The code is still slow due to the significant number of functions,
thus I performed simplification on program flow. Previously, I systematically generate
a function for each line, which Clang could not intelligently reduce.
Now, if a line can be called from other line
(via jump instruction, which can easily be pre-calculated), we make it the start
of the function, else group it with previous line(s).
Now the code size is 3,581 KB, and the output executable is 2,467 KB,
with optimization enabled (-O2
) is 828 KB. This is a great reduction on overhead.
When comparing the size to the original bytecode, it is still bigger, which means there can be better translations. However, we are more than ready to reverse the bytecode.
Exploring and actually reading new bytecode
Here we use our C++ compiled version to explore the bytecode.
Compared to the previous version, the difficulty of this one is increased.
When we execute the program, it asks a lot of input, which we know through
debugging code to be due to getch
instruction that takes a character one by one.

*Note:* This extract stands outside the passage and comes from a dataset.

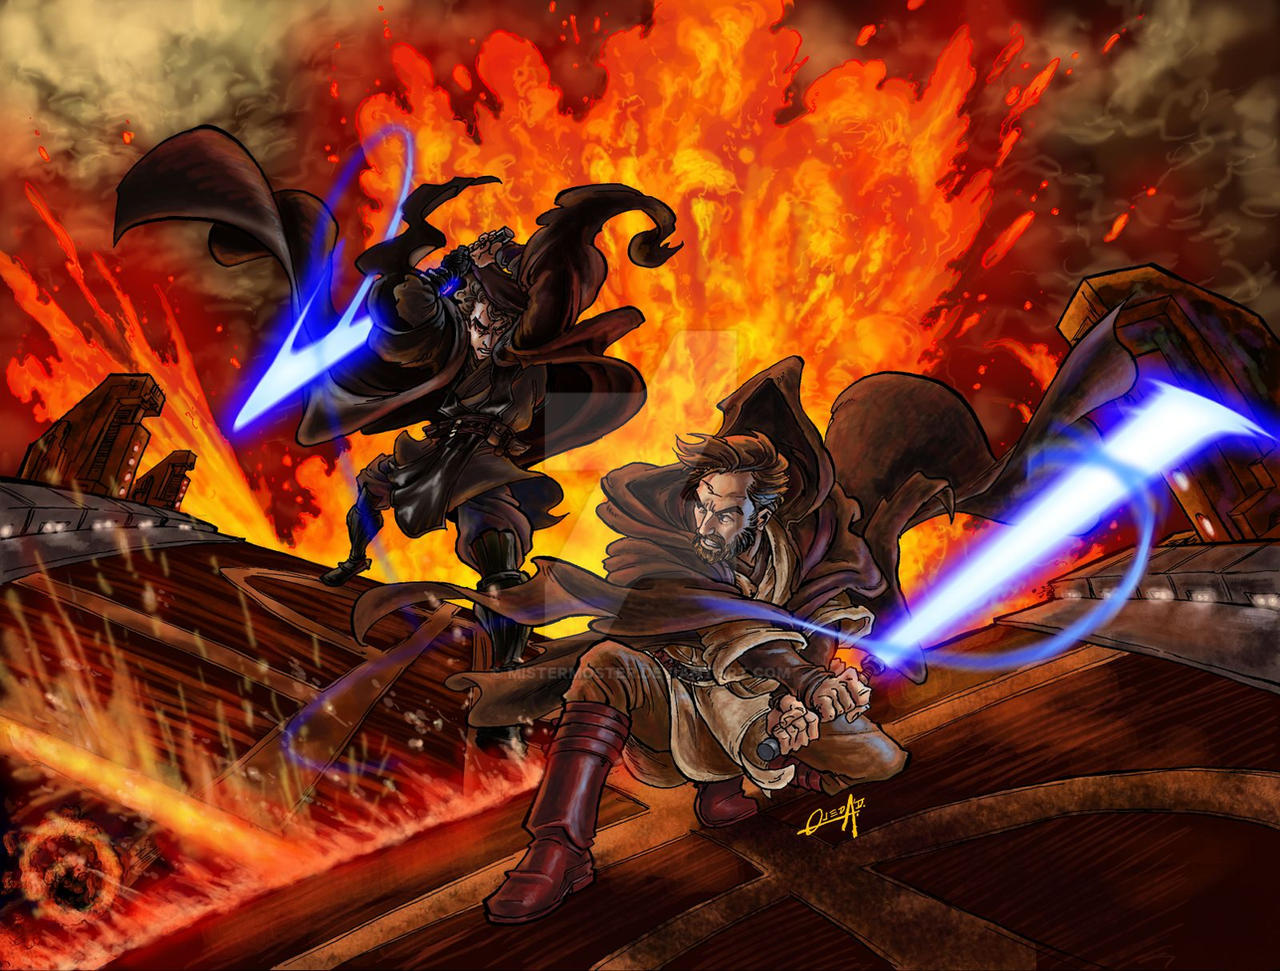 Obi-wan vs Anakin by mistermoster

Using binary search and Python, we find that the size of input is 840 bytes.
Quite strange to be the size of a flag. With few attempts, we realize that it
checks the last character, then the second-to-last character. Thinking that it
uses technique similar to last one, we quickly found the last character to
be A
. But that does not hold for the second case. Our helpful injection reports
that the second check is at line 8540, so let’s visit the code.
Cutter, sadly, wants to be explicit rather than useful.
Meanwhile, Relyze has a better insight, with a bit of help from Clang side.
Looking at line 21, which is suspected to be printf
code, we see that the second
parameter, which refers to the first parameter of the instruction, is computed
by (v1 ^ 0x41) + v3 + 1
. Comparing with the C++ source code (with bytecode comment)
side-by-side, we soon realize the actual behavior.
Line 4062-4063: Xor value with 65
Line 4064-4065: Add value with 1
Line 4066-4067: Modulus 255 of value
Line 4068-4071: Compare the value with 98
Retroactively, we know that line 18 in Relyze is actually modulo code, rewritten and optimized by compiler using reciprocal multiplication.
With the program continuing execution after few characters, we believe the analysis is correct.
Since all checkers have a similar pattern, with the exeception of the first checker, we can write a compiler pass to find and extract values from them.
Recovering the key (and reverse it), we got the flag within it.
Solve scripts are available here: dungwinux/patriotctf2023-script. Since they were written during the competition, they might contain some of my initial impression and can be misleading. Consult this writeup for my final thoughts.